Phase 7 — Verify and ship

Offer (do not auto-execute):

  • Local repro: a one-liner or short script the engineer can run to trigger the failure and confirm the observability fix attaches the missing data. Use the project's existing test infrastructure (e.g. sdks/python/tests/, sdks/typescript/, apps/opik-backend/src/test/java/, apps/opik-frontend/).
  • Branch and PR: if the engineer wants to ship, propose a branch name (<user>/OPIK-<ticket>-<slug> per .claude/rules/git-workflow.md) and the first-commit message format [OPIK-####] [<COMPONENT>] <type>: … where <COMPONENT> matches the project (e.g. [SDK], [BE], [FE]).
  • Jira ticket(s): separate observability and behavior fixes if they're meaningfully independent. Reference the Sentry issue ID in the description so it auto-links.
  • Commit-message hint: Fixes <SENTRY-ISSUE-SHORT-ID> (the short ID is shown on the issue page, format like <PROJECT>-XYZ) auto-resolves the Sentry issue when the commit ships — call this out explicitly so the engineer doesn't have to remember.

Phase 8 — Report

Final summary should be short and decision-oriented, not a data dump:

  • What this issue actually is (1–2 sentences, with the dominant exception type and root cause hypothesis).
  • Why it's noisy (1 sentence — usually fingerprint collision or per-run amplification).
  • Recommended next action with the file:line and the change to make.
  • Open questions / unknowns the engineer needs to resolve before shipping.
  • Followed by the raw aggregations from Phase 3 for reference.

Notes

Python SDK priors

Use these as starting hypotheses when the issue's emitting code is in the Python SDK subtree (sdks/python/ or sdks/opik_optimizer/) — they recur often enough to be worth checking first:

  • LOGGER.error/.warning(..., exception) without exc_info=: very common; roughly half of LOGGER.{error,warning,exception} calls in sdks/python/src/opik/ lack exc_info.
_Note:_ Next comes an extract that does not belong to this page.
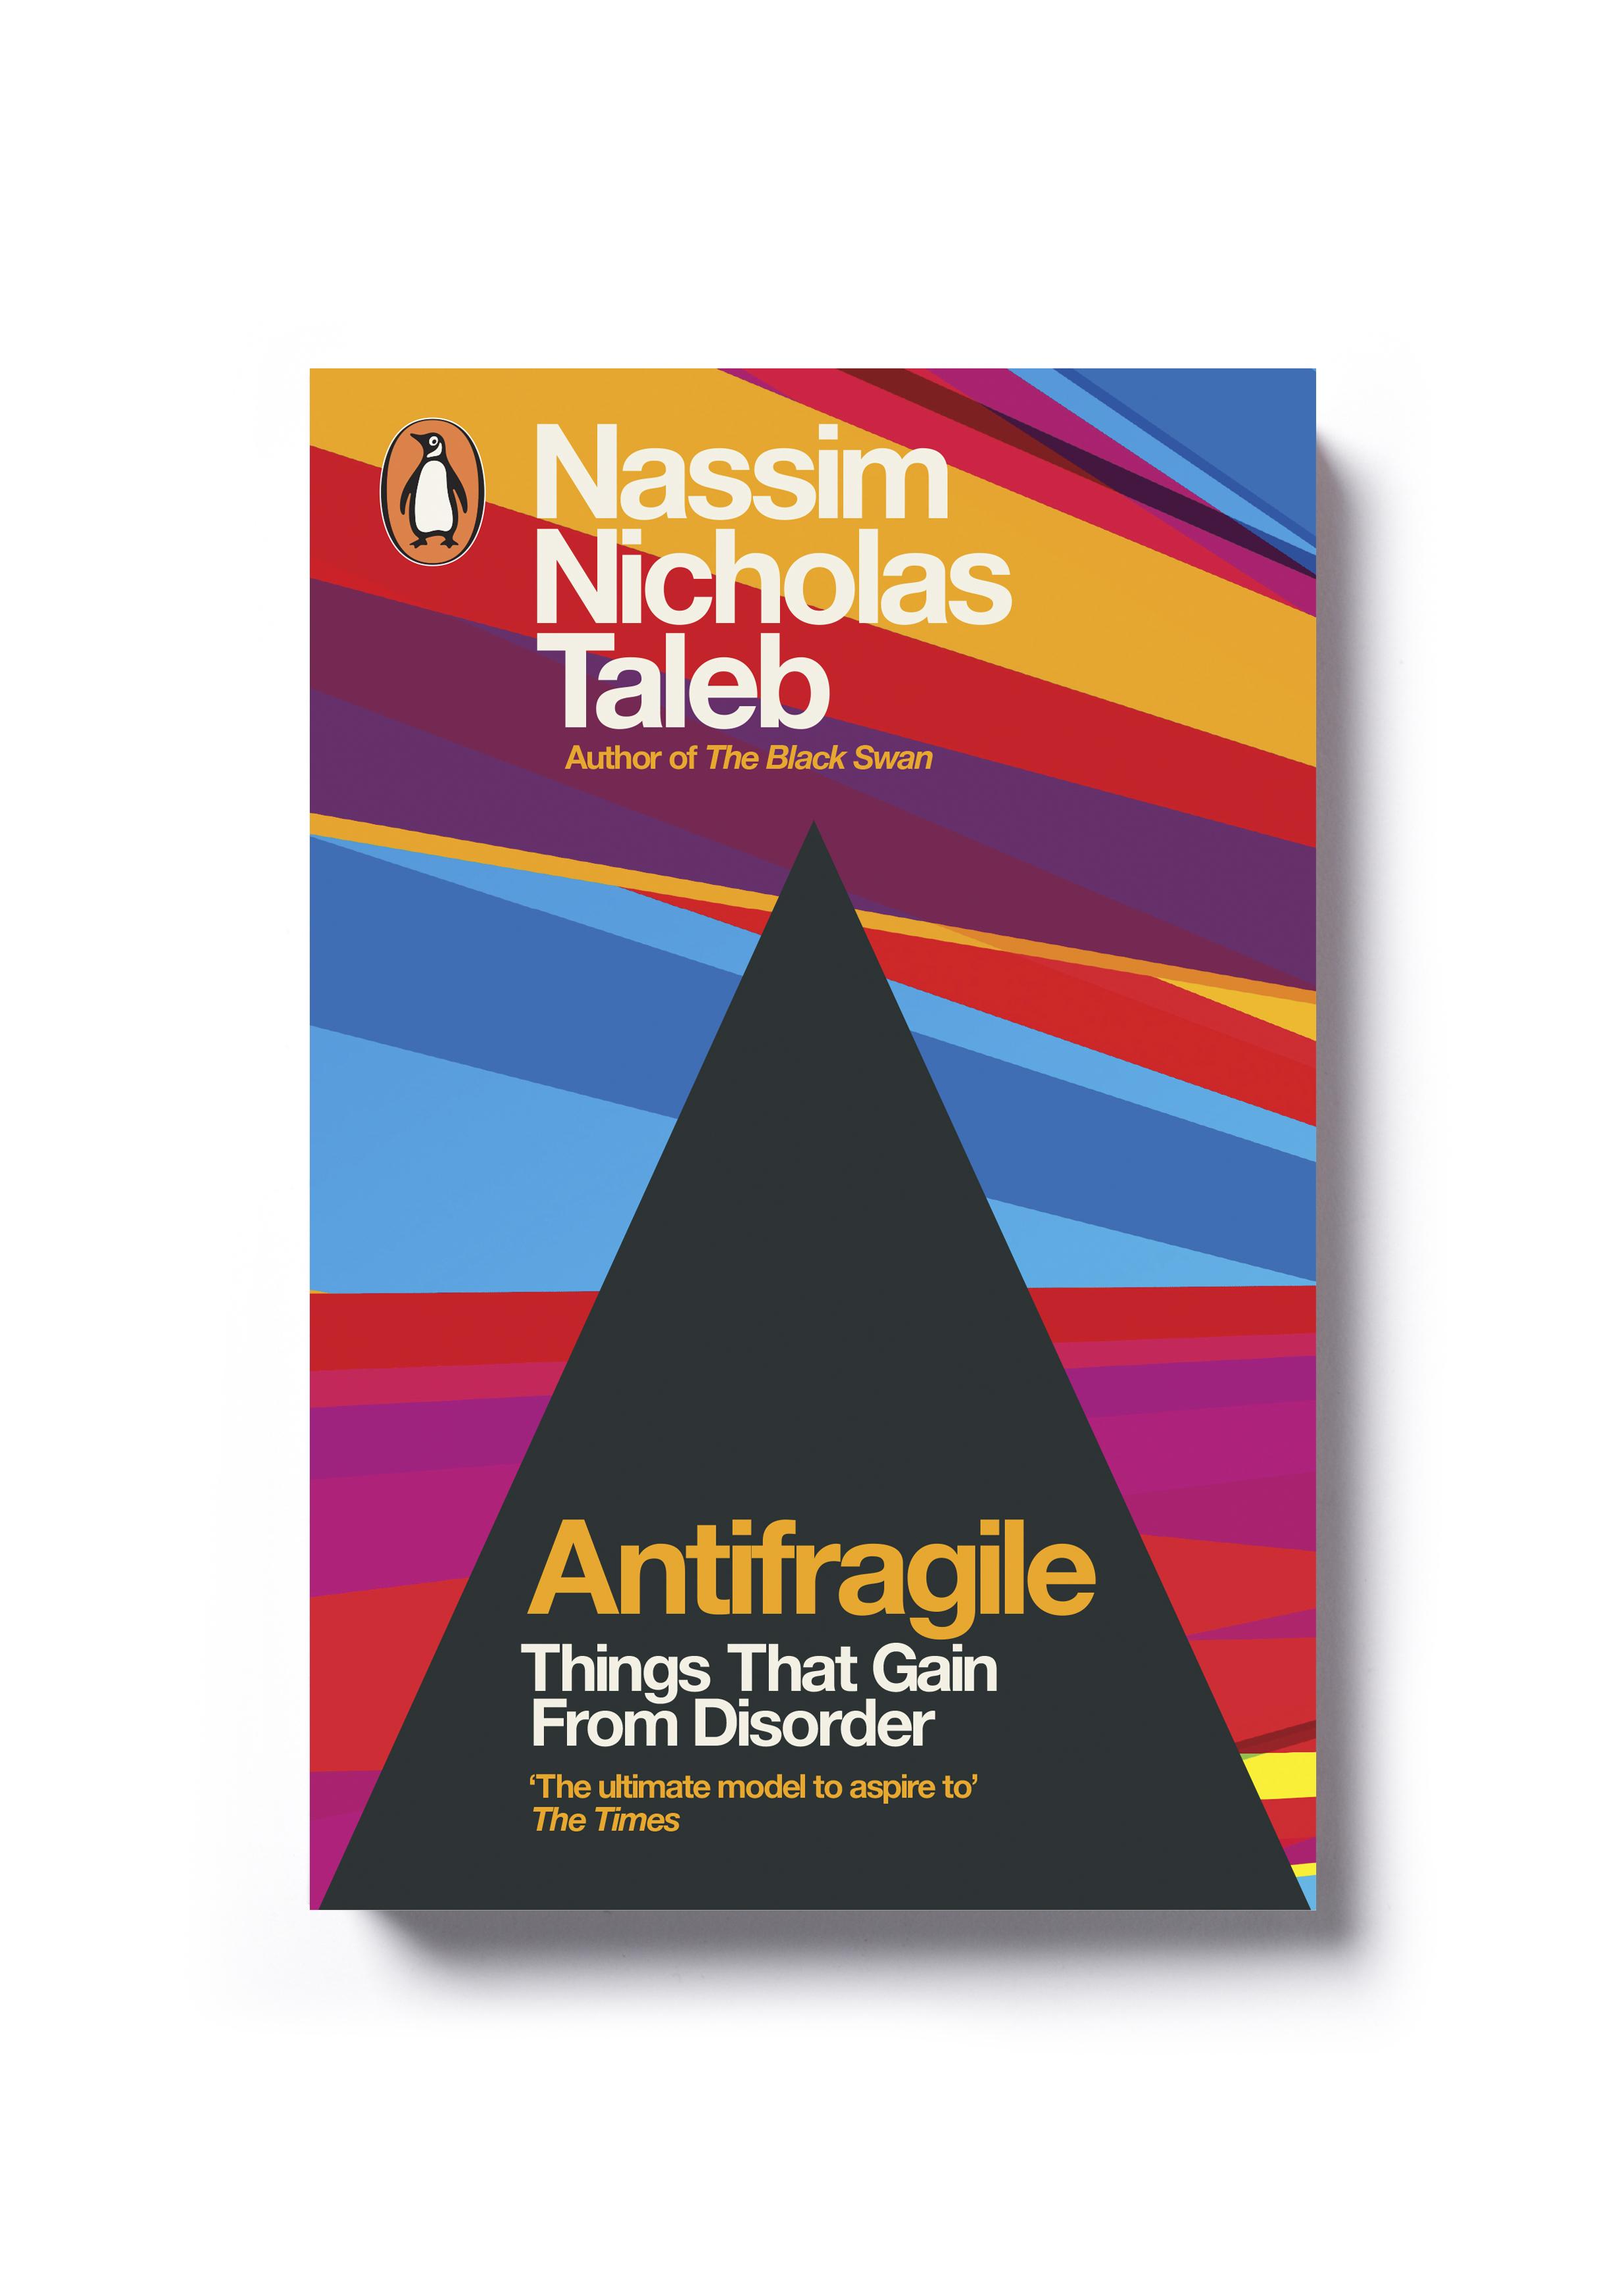 Antifragile by Nassim Nicholas Taleb (paperback) - Design: Jim Stoddart

Always check this — fixing it usually unblocks triage on its own.
  • Generic templates like "Evaluation task failed (group=%s): %s: %s" or "Task failed for item %s: %s" group every distinct task error into one Sentry issue. The fingerprint-collision diagnosis applies whenever the issue title cites one exception type but the message-distribution shows many.
  • Process-supervisor logs (e.g. runner/supervisor.py) capture child crashes via the parent — stderr_tail and exit_code are in scope but only the message gets logged. Look for extra= opportunities, not exc_info=, on these.

For backend (Java) and frontend / TypeScript SDK projects, no project-specific priors have been collected yet — fall back to the language-agnostic checks in Phases 4 and 5.